Penjelasan Sabrina Carpenter
Dalam postingannya, Carpenter menjelaskan bahwa saat itu ia tidak melihat penonton secara langsung dan juga tidak mendengar suara tersebut dengan jelas. “Reaksiku berasal dari kebingungan dan sarkasme ringan, tanpa maksud merendahkan,” tulisnya. Ia menambahkan bahwa sekarang ia memahami arti zaghrouta dan bersedia menerima berbagai bentuk sorakan, termasuk yodel, sebagai bagian dari budaya.
“Apakah itu yang kalian lakukan? Aku tidak menyukainya,” kata Sabrina saat mendengar suara zaghrouta di tengah penonton.
Konteks Budaya Zaghrouta
Zaghrouta adalah vokalisasi khas yang umum dijumpai di wilayah Timur Tengah serta sebagian daerah Afrika. Suara bergetar yang keras ini sering digunakan untuk mengekspresikan antusiasme, khususnya pada acara seperti pernikahan atau perayaan penting lainnya.

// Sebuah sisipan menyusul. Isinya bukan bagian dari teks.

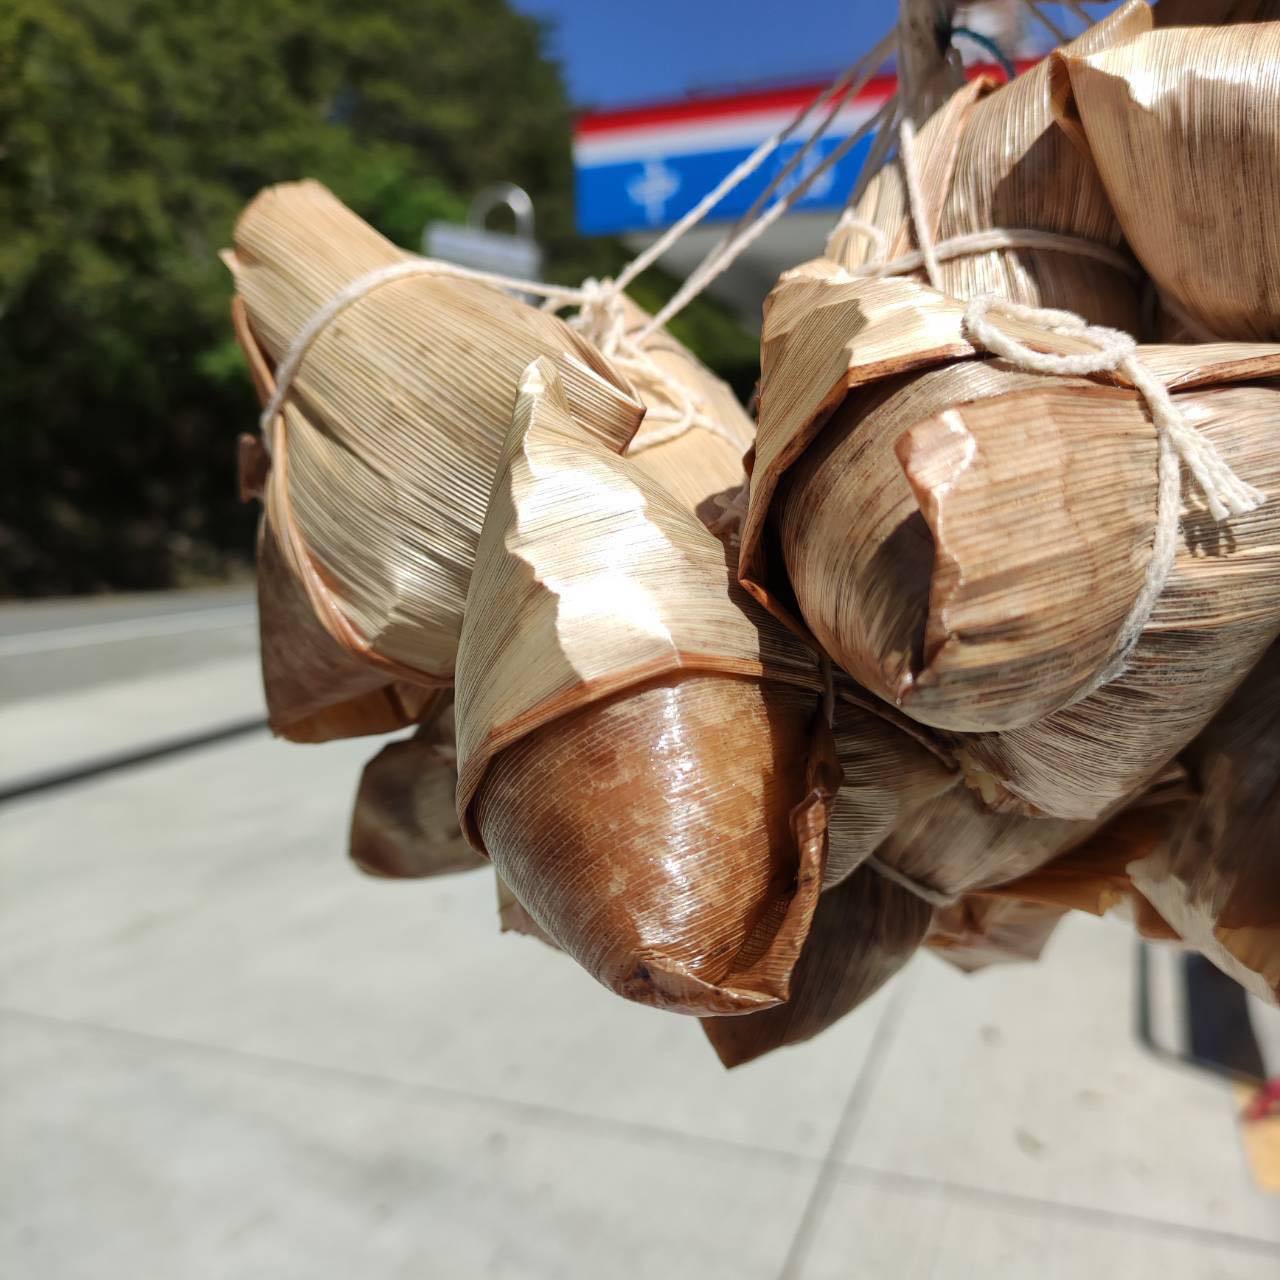 台湾中油公司关原加油站贩售的「云端肉粽」，目前已暂停贩售。图撷取自脸书粉专「中横路况交通资讯站」

Video yang beredar di media sosial menunjukkan reaksi Sabrina terhadap suara tersebut, yang terlihat membingungkan dan tidak senang.
Respons dari Penggemar
Banyak pengguna media sosial menganggap ucapan Sabrina sebagai ejekan terhadap budaya Arab. Namun, ia sudah memperbaiki pendirian dan menyatakan kesediaannya untuk menghargai berbagai bentuk ekspresi budaya, termasuk zaghrouta, yang sebelumnya ia tidak mengenali.